Das Münchener Team will auch eigene Audio-Inhalte für Kinder erstellen. Die Konkurrenz um die junge Zielgruppe ist groß. Ein bekannter Musiker hilft mit Kapital, Kontakten und Know-how.

1000 Alben zur Auswahl – alle vorinstalliert auf einem bunten Kopfhörer: Mit diesem Angebot an kindgerechter Musik und Hörspielen will das Start-up Kekz im kommenden Frühjahr loslegen. Gedacht ist die Kombination für Kinder zwischen drei und sieben Jahren. Anstatt des elterlichen Smartphones oder Tablet soll der Kopfhörer des Start-ups für Unterhaltung auf Reisen oder in der Wohnung sorgen. „Das Thema beschäftigt alle Eltern“, ist Mitgründer Carl Taylor überzeugt.

Gleichzeitig will Kekz ein gutes Geschäftsmodell für sich aufbauen. Die Kopfhörer selbst sollen im Frühjahr für knapp 60 Euro in den Verkauf gehen. Dazu werden die einzelnen „Chips“ für je sieben bis elf Euro verkauft, die unterschiedliche Hörspielserien oder Musikalben auf dem Kopfhörer freischalten. Die Kinder können sich je nach Bild das gewünschte Hörspiel aussuchen und in die Hörer einlegen. Mit dem Konzept orientieren sich Taylor und sein Mitgründer Adin Mumma an einem Erfolgsprodukt der vergangenen Jahre: „Wäre es nicht super, das haptische Gefühl der Toniebox mit einem Kopfhörer zu koppeln“, beschreibt Taylor den Ausgangspunkt des Start-ups vor einem Jahr.

Musik fürs Kinderzimmer ist ein Millionen-Markt

Die Toniebox entstand 2013 in Düsseldorf. Hier können Kinder eine Spielfigur auf einen gepolsterten Lautsprecher stellen – das Gerät spielt dann die zur Figur passende Geschichte ab. Das Start-up zog erst die Aufmerksamkeit vieler Eltern auf sich, dann folgten die Investoren. Im vergangenen Jahr sicherten sich Investoren die Mehrheit an dem schnell wachsenden Unternehmen, im Gespräch war eine Bewertung im dreistelligen Millionenbereich.
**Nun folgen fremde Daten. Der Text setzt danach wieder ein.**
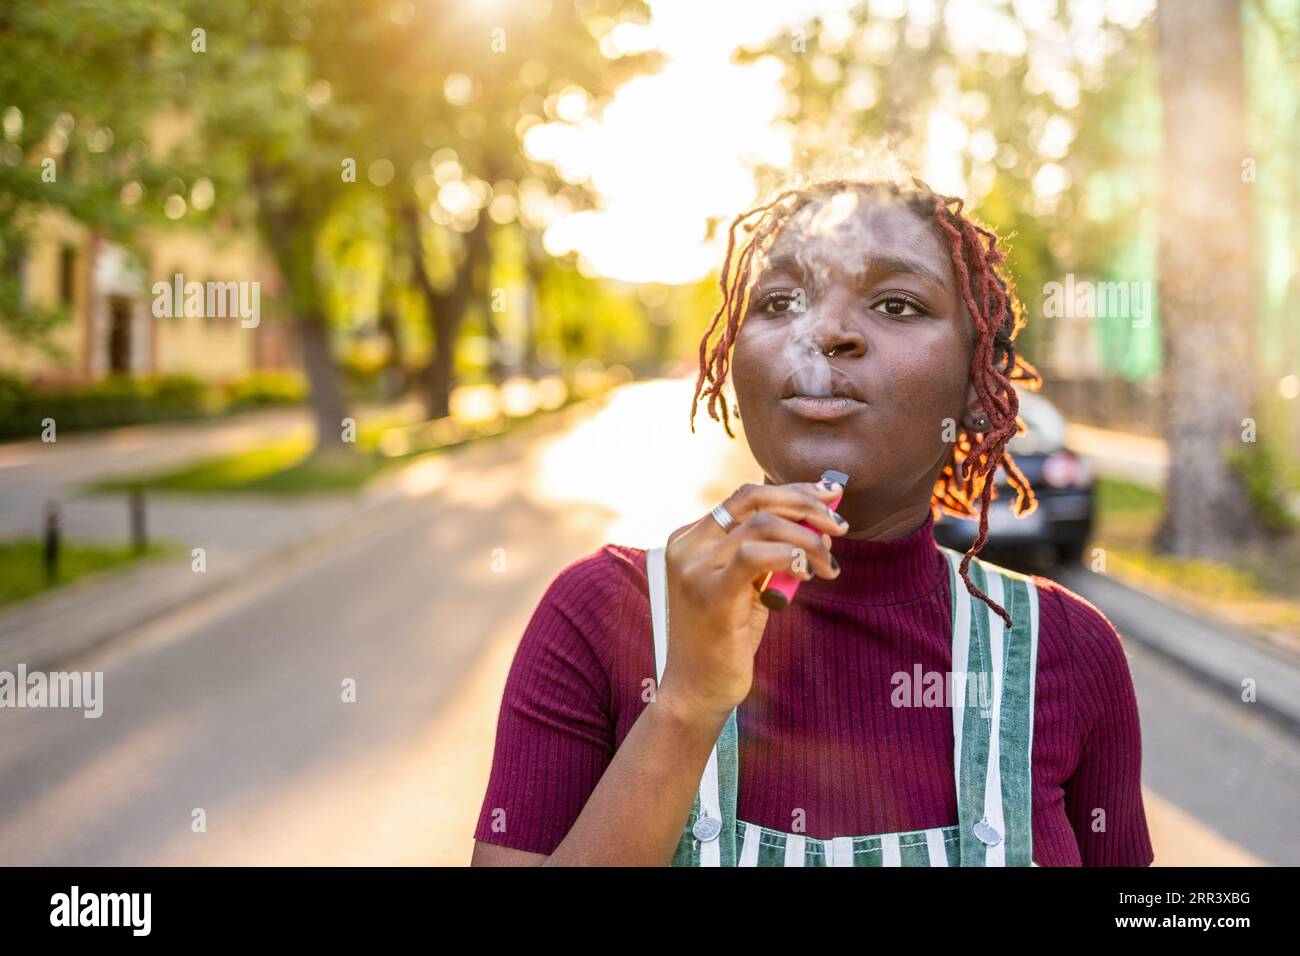 Schwarze nichtbinäre Person raucht elektronische Zigarette auf der Straße Stockfoto

Davon ist Kekz noch weit entfernt. Aktuell sucht das Start-up nach Testkunden, im Frühjahr 2021 will man die fertigen Geräte auf dem Markt anbieten. Schon jetzt sorgt das Team aus München aber für Wirbel. Das Produkt wurde mit dem German Design Award ausgezeichnet, beim Start-up-Festival Bits&Pretzels konnte sich die Gründer präsentieren, die TV-Caster der „Höhle der Löwen“ haben bereits angeklopft.

Peter Maffay steigt als Investor ein

Und nach der ersten Entwicklungsphase aus eigenen Mitteln ist nun auch der erste Investor dazugekommen. Mit Kapital, Kontakten und Know-how soll Peter Maffay weiterhelfen. „Die Idee einer ablenkungsfreien Unterhaltungsmöglichkeit, die fast schon an analoge Zeiten erinnert, hat uns begeistert“, lässt sich Maffay zitieren. Er hat sich mit einer ungenannten Summe an Kekz beteiligt – die Verbindung entstand über den vorherigen Job von Mitgründer Taylor bei Sony Music. „Inhaltlich ist die Partnerschaft für uns Gold wert“, sagt Taylor. „Eltern vertrauen Peter Maffay als Produzent von hochwertigen Inhalten für Kinder“.

Die „Tabaluga“-Saga von Maffay gehört auch zum Grundpaket der Kekz-Kopfhörer. Zudem sollen in dem Studio des Musikers demnächst auch eigene Inhalte entstehen. Man wolle hin zu einer „Art Audio-Netflix für Kinder“, beschreibt es Taylor. Die Auswahl an unterhaltsamen oder auch lehrreichen Inhalten soll so nach und nach wachsen. Die sollen die lizenzierten Hörspiele und Alben ergänzen.

Dabei stößt das Start-up aber auch in die Geschäftsmodelle einiger anderer Unternehmen vor: Viele Kopfhörerhersteller haben bereits seit vielen Jahren spezielle Produkte für Kinder im Angebot, oft in bunten Farben und mit einer begrenzten Lautstärke. Beim Streamingdienst Spotify findet sich heute schon ein umfangreiches Angebot speziell für Kinder. Und zur Toniebox gibt es auch eigene kabelgebundene Kopfhörer. Es gebe viele Hersteller in den verwandten Bereichen, sagt Kekz-Gründer Taylor – bleibt jedoch optimistisch für die Chancen seines Start-ups: „Aber in dem Bereich der autarken Reiseunterhaltung gibt es keine Konkurrenz“.